🔧 Module 5: Fine-Tuning Diffusion Models — Customize Your Generator
5.1 Why Fine-Tuning?
Although pretrained models like Stable Diffusion are incredibly versatile, one often wishes to generate content reflecting a personal style, specific object, brand, character, or unique concept poorly represented in the original training data. Fine-tuning allows adapting the model to these specific use cases.
5.2 Dreambooth: Inject Your Concept into the Model
Dreambooth is a fine-tuning technique that allows “teaching” the model a new concept (e.g., an object, person, or style) using only 3-5 images. It does so by using a unique identifier (a rare word or special token) associated with the concept during training.
Process:
- Select a unique identifier (e.g.,
sks).
- Prepare 3-5 images of the concept with varied backgrounds and angles.
- Train the model to associate the prompt “a photo of a [sks] dog” with the actual dog images.

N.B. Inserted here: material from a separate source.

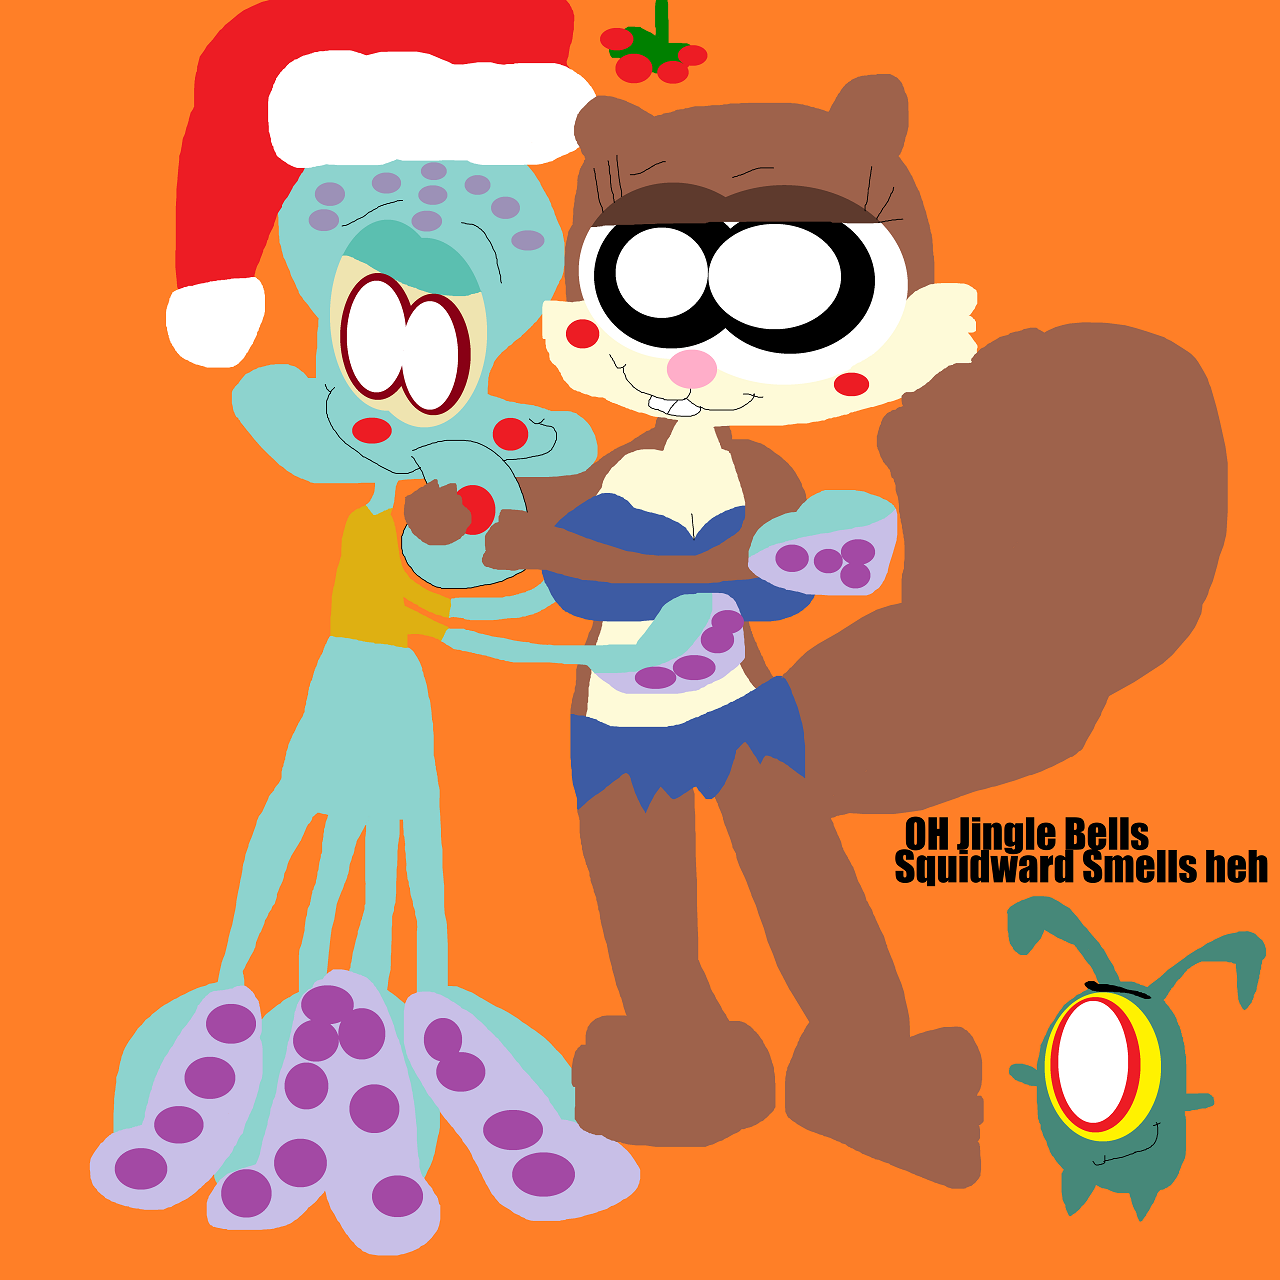 Oh Jingle Bells Squidward Smells^^ by Falconlobo

- The model learns to generalize the concept and can generate it in new contexts: “a [sks] dog on the moon”, “a [sks] dog dressed as a pirate”.
Advantages: High fidelity, contextual generalization.
Disadvantages: Requires more VRAM, risk of overfitting without regularization.
5.3 LoRA for Images: Efficient and Modular Tuning
As with LLMs, LoRA (Low-Rank Adaptation) has been adapted to diffusion models. Instead of updating all weights of the U-Net or text encoder, low-rank matrices are trained and added to the original weights.
How it works:
- Matrices ( A ) and ( B ) are inserted into key U-Net layers (typically cross-attention and convolutional layers).
- Only ( A ) and ( B ) are trained, leaving the base model frozen.
- The result is a small file (.safetensors, ~2-200 MB) that can be dynamically loaded over any base checkpoint.
Advantages:
- Fast, lightweight training.
- Small, portable files.
- Combinable: multiple LoRAs can be mixed in a single generation.
- Ideal for artistic styles, poses, facial features, aesthetic modifiers.
Common Applications:
- Style of a specific artist (e.g., “Van Gogh style LoRA”).
- Consistent facial features (for characters).
- Design elements (typography, patterns, textures).
5.4 Textual Inversion: Learn New Words Without Changing the Model
Textual Inversion trains custom text embeddings instead of modifying model weights. A special token (e.g., <cat-toy>) is assigned to a set of images, and the embedding vector associated with that token is optimized so that, when used in a prompt, the model generates images coherent with the concept.
Advantages:
- Very lightweight (only saves a ~10KB vector).
- Does not modify the model, only the embedding space.
- Easy to share and integrate.
Disadvantages:
- Lower generalization capacity than Dreambooth.
- Sensitive to quality and variety of training images.